Context
When I started my gemini capsule, I quickly put a basic mirror of this blog on it as a temporary thing. I do have a goal to write specific content on my gemini capsule. If you want, you can read about the reasons why I write on gemini, I wrote an article on my gemini gemlog about it (Gemini link).
I worked on it in the past days to achieve something closer to my needs:
- Having a different weblog and gemlog “sites”, meaning at least the homepage should be different. The homepage of the blog only list the blog posts.

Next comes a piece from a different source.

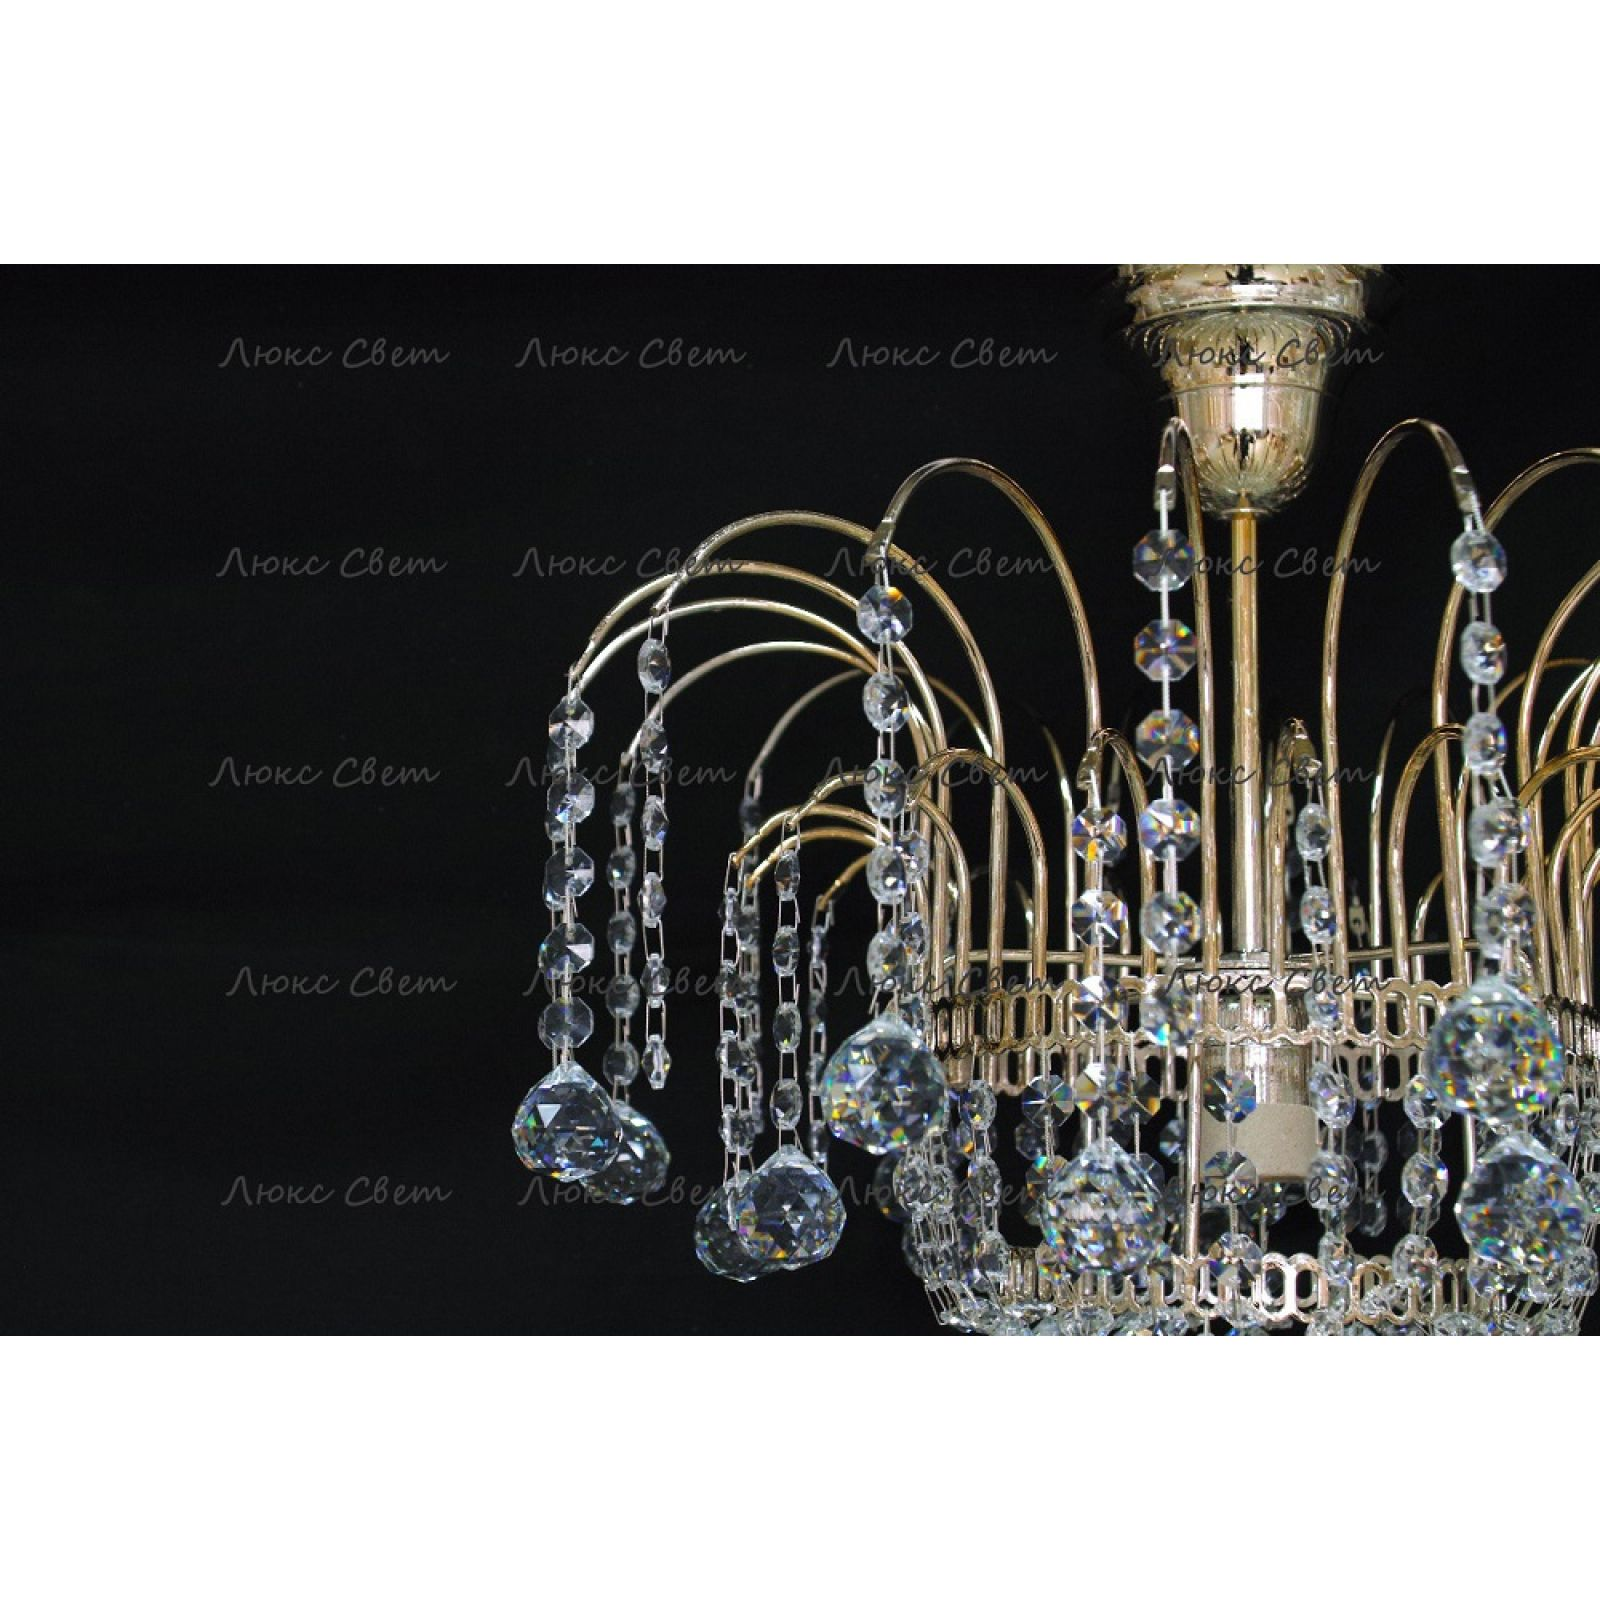 Люстра Акация № 5 - 1 лампа подвесная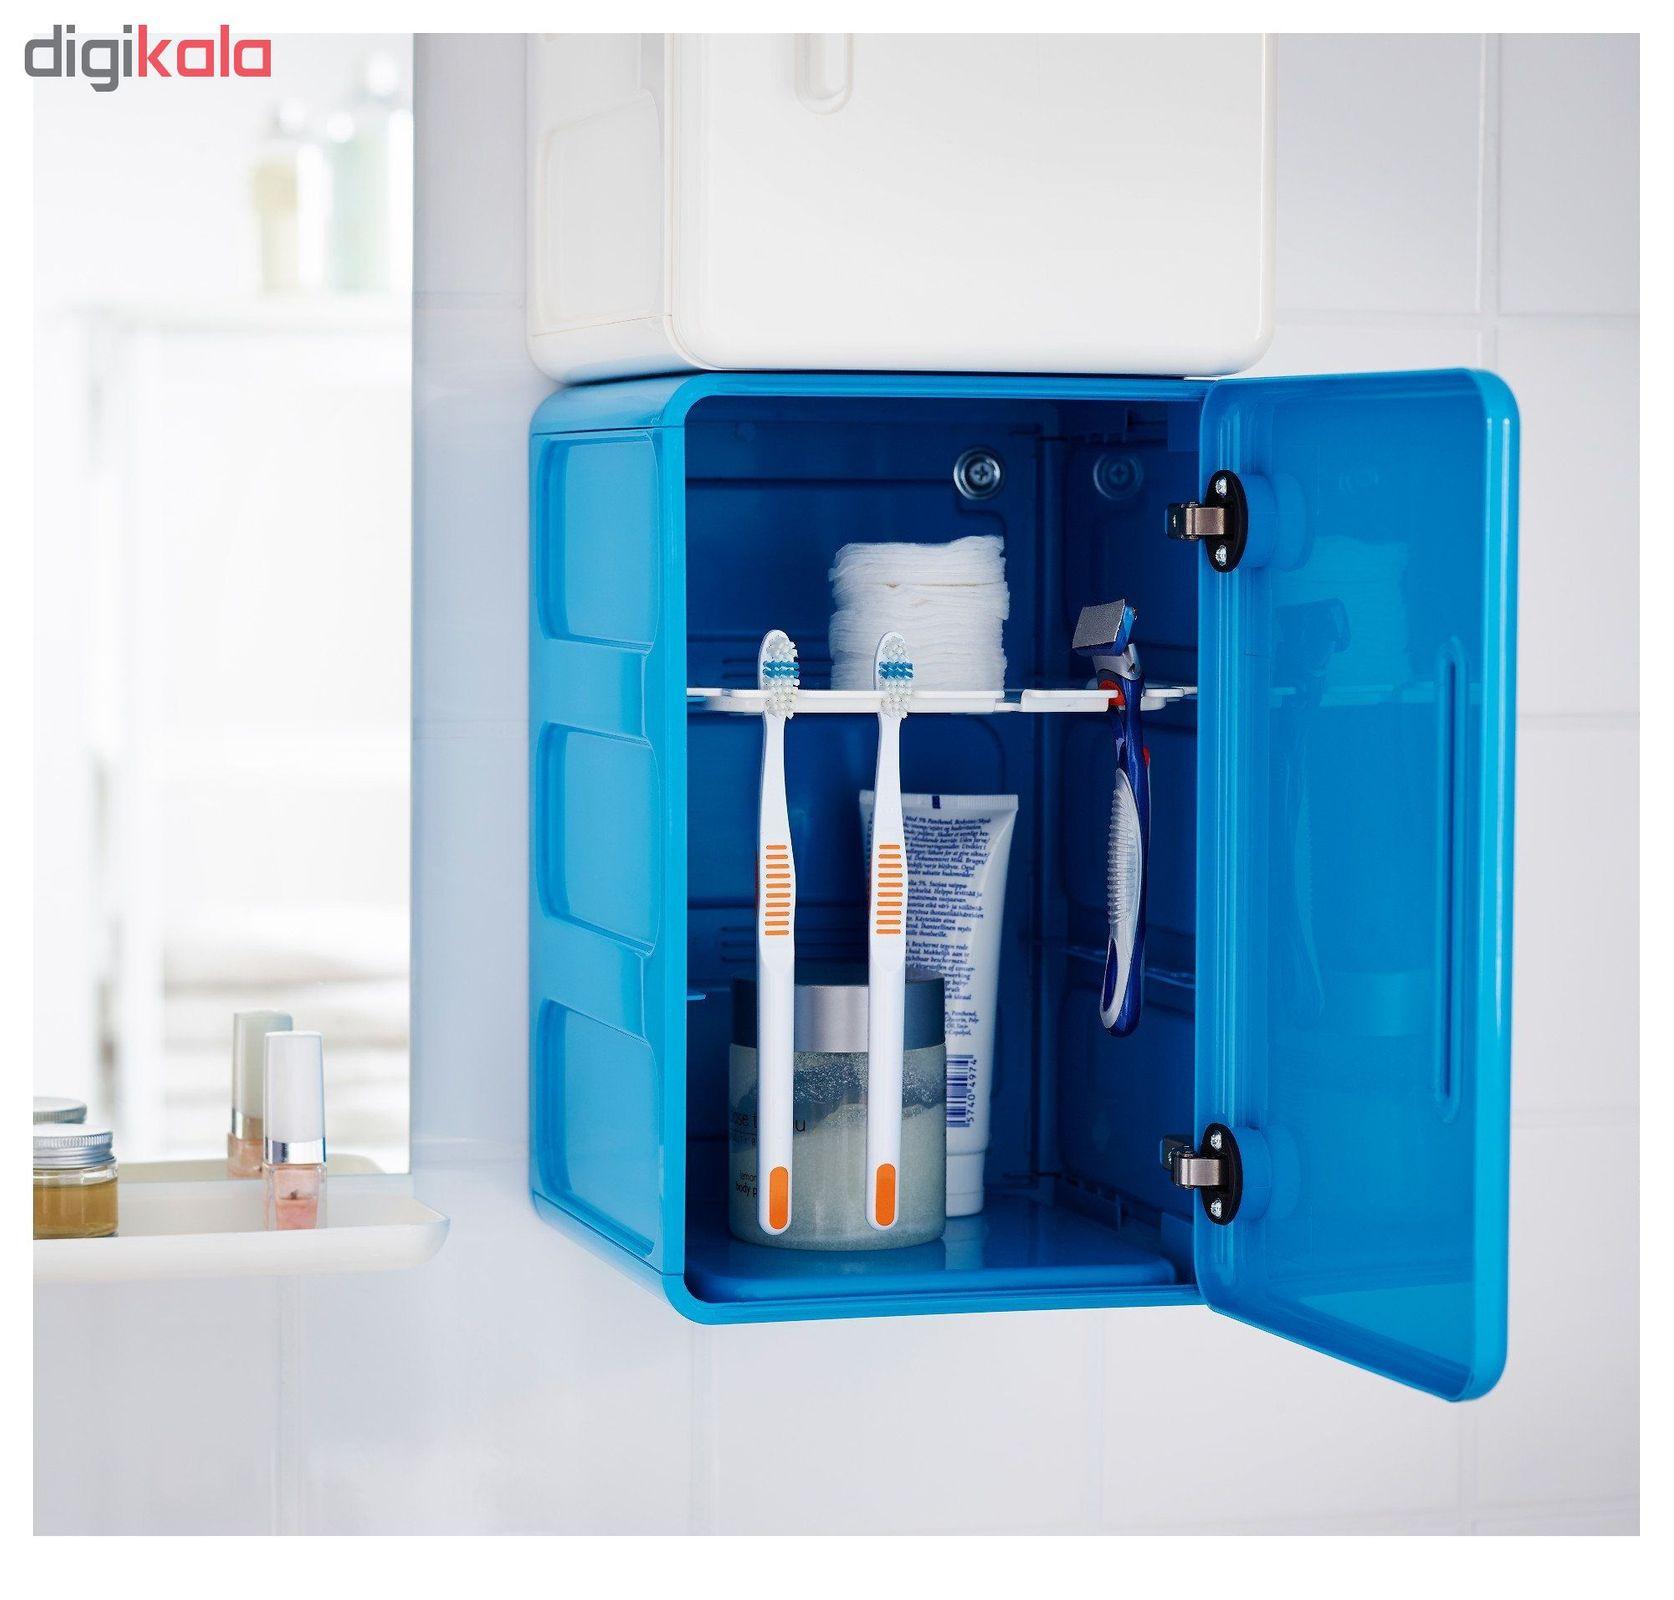 قفسه حمام ایکیا مدل Lejen main 1 3

The homepage of my capsule should first list the latest gemlog posts with a link to all gemlog posts and then latest blog posts with link to full list pages.
- Create blog posts and gemlog posts dedicated list pages on the gemini capsule (not needed on the blog where only the posts are displayed)
- Blog posts must be readable easily via gemini, so cleaned from markdown formatting and displaying links according to gemini specifications, not markdown.
- 1 tool to manage both content types, I didn’t want to use 2 different static site generator (or editing files manually)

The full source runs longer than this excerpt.